The steps of the extraction process include: crushing the leaves, extracting with water, filtering and separating the liquid from plant material, then further purifying the extract with water or food grade alcohol, followed by drying, to obtain high purity stevia leaf extract. Other processes may also be used in some cases.
Following the extraction and purification process, the steviol glycosides are the same as found in the stevia leaf. The extraction and purification process simply gives purified stevia leaf extract a cleaner, more sugar-like taste than crude stevia extracts, which may contain plant components add additional flavors other than a purely sweet taste. Purification is also required to meet the safety standards for foods and beverage use.
The sweetness of about three stevia leaves can replace the sweetness of sugar in a can of 25% sugar-reduced carbonated soft drink (12 oz; 330ml).

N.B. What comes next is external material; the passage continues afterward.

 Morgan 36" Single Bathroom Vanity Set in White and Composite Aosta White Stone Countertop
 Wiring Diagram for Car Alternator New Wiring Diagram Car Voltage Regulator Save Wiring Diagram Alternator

Purified Stevia Leaf Extract
High purity stevia leaf extract is defined as containing 95% or greater steviol glycoside content and is often referred to as stevia, steviol glycosides, stevia extracts, purified stevia leaf extract, high purity stevia, or rebiana. Only high purity stevia extracts meeting this specification are approved by major regulatory agencies, including Joint FAO/WHO Expert Committee on Food Additives (JECFA) and Codex Alimentarius (Codex) for use in foods and beverages. Stevia can be found in thousands of food and beverage products around the world, including teas, soft drinks, juices, waters, flavored milks, yogurts, baked goods, cereals, salad dressings, sauces, confections, and as a table top sweetener. *
*Purified Stevia Leaf Extract is approved by global and national regulatory authorities, however in some countries regulatory specifications may differ by food and beverage category and maximum permitted use levels.